McLaren Automotive has dropped its biggest hint yet that hybrid technology will feature on its future supercars.

The firm is advertising on its website for a senior engineer in powertrain hybrid technology, and the role requires someone to “lead the technical assessment, integration and application of appropriate hybrid powertrain technology.”

A McLaren spokesman wouldn’t confirm whether or not the advert meant it was planning on adding hybrid technology to its road cars, but did confirm it was a technology McLaren was interested in.

The spokesman said: “It [hybrid technology] is something we want as a forward-thinking, technology-driven company. We have been considering it for future projects.

“All the advert means is that we are looking for a senior engineer in powertrain hybrid technology. Read into it what you will.”

McLaren has so far been coy with its plans for its upcoming supercar, codenamed the P11, ahead of its expected launch at the Los Angeles Auto Show later this year.

Pre-production models have been regularly photographed by Autocar spies, but concrete details on the production version have not been forthcoming.

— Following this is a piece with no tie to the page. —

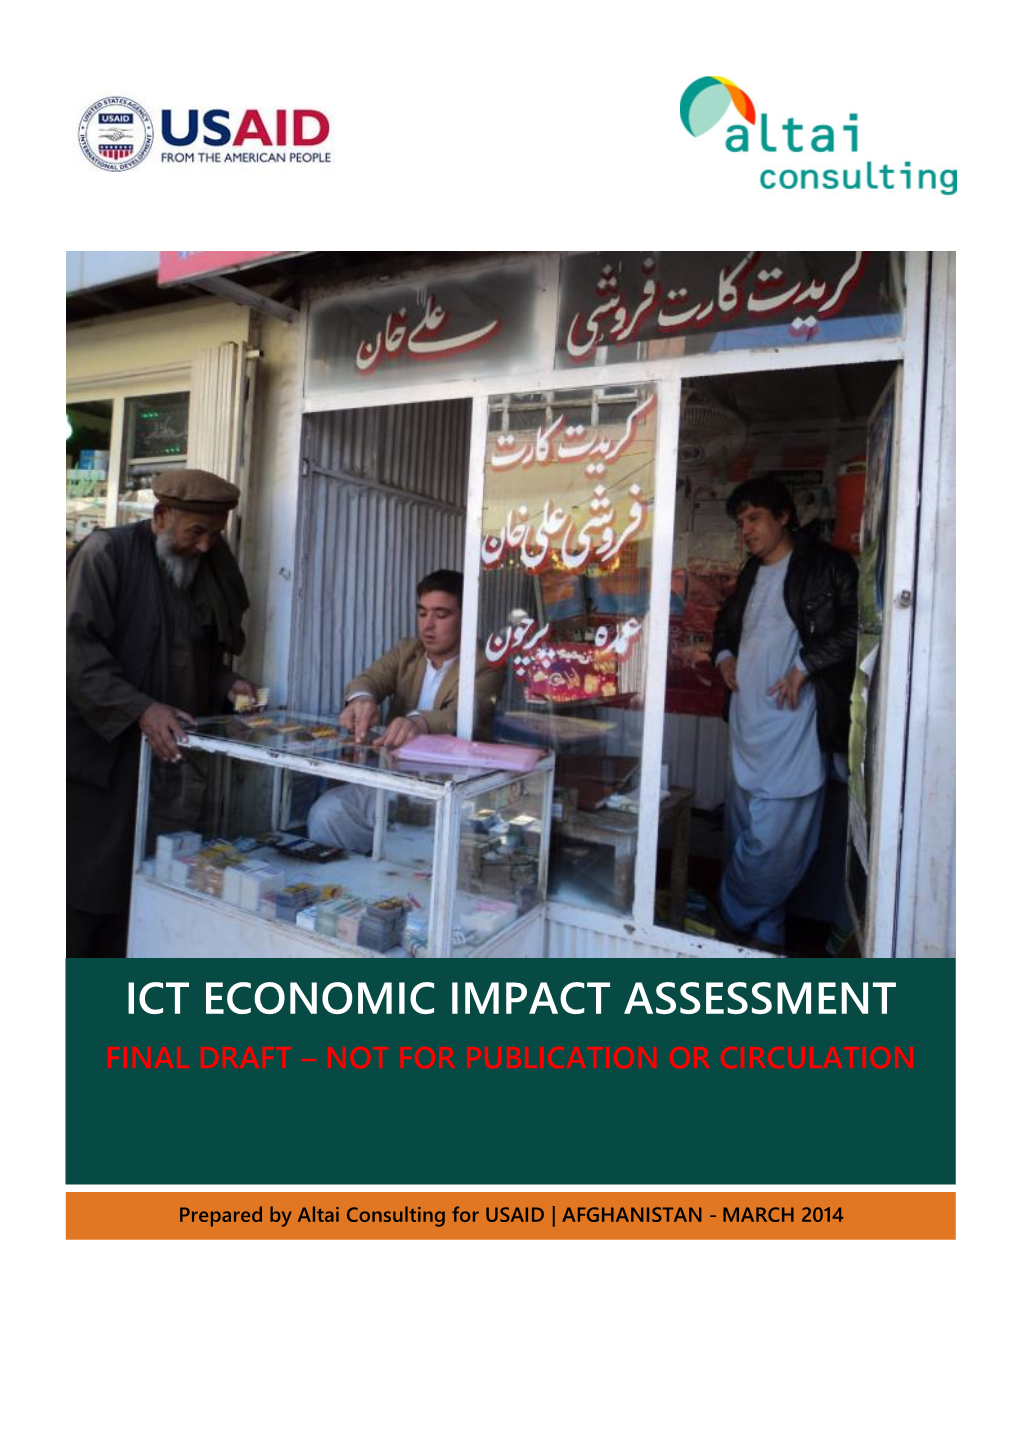 ICT Economic Impact Study

The P11 is expected to go up against the upcoming Ferrari F450 and Lamborghini Gallardo when it goes on sale in 2011.

With McLaren only now advertising for someone to lead hybrid development, the P11 is likely to feature limited hybrid technology initially, such as a stop-start system. A further two models are reportedly in development, with McLaren Automotive boss Ron Dennis planning an output of around 4000 cars a year by 2015.

McLaren is advertising for someone with experience in working with low-volume production, with a figure of 5000 units quoted. This suggests that all future McLaren models could feature some hybrid technology.

The job requires someone to: “Identify and support the progression of advanced powertrain technologies within McLaren Automotive, support hybrid powertrain design, development and integration activities and manage the definition and execution of development & validation activities.”

McLaren seemingly wants to develop its own full hybrid powertrains, which would go beyond more conventional and mainstream hybrid technologies such as stop-start, to compete with Ferrari and Lamborghini. Both Italian companies have confirmed hybrid powertrains are in development.

Ferrari’s plans for a full 4x4 hybrid system recently leaked and its boss Amedeo Felisa said a Ferrari hybrid concept was likely to be seen later this year. Lamborghini has also announced plans to develop hybrid powertrains as it attempts to cut its CO2 emissions.

As a Formula One team, McLaren has long been an innovator and already knows more about hybrid technology than many other companies due to its development of KERS. The system has now effectively been scrapped from F1, so McLaren may well implement its KERS knowledge and experience into its road cars.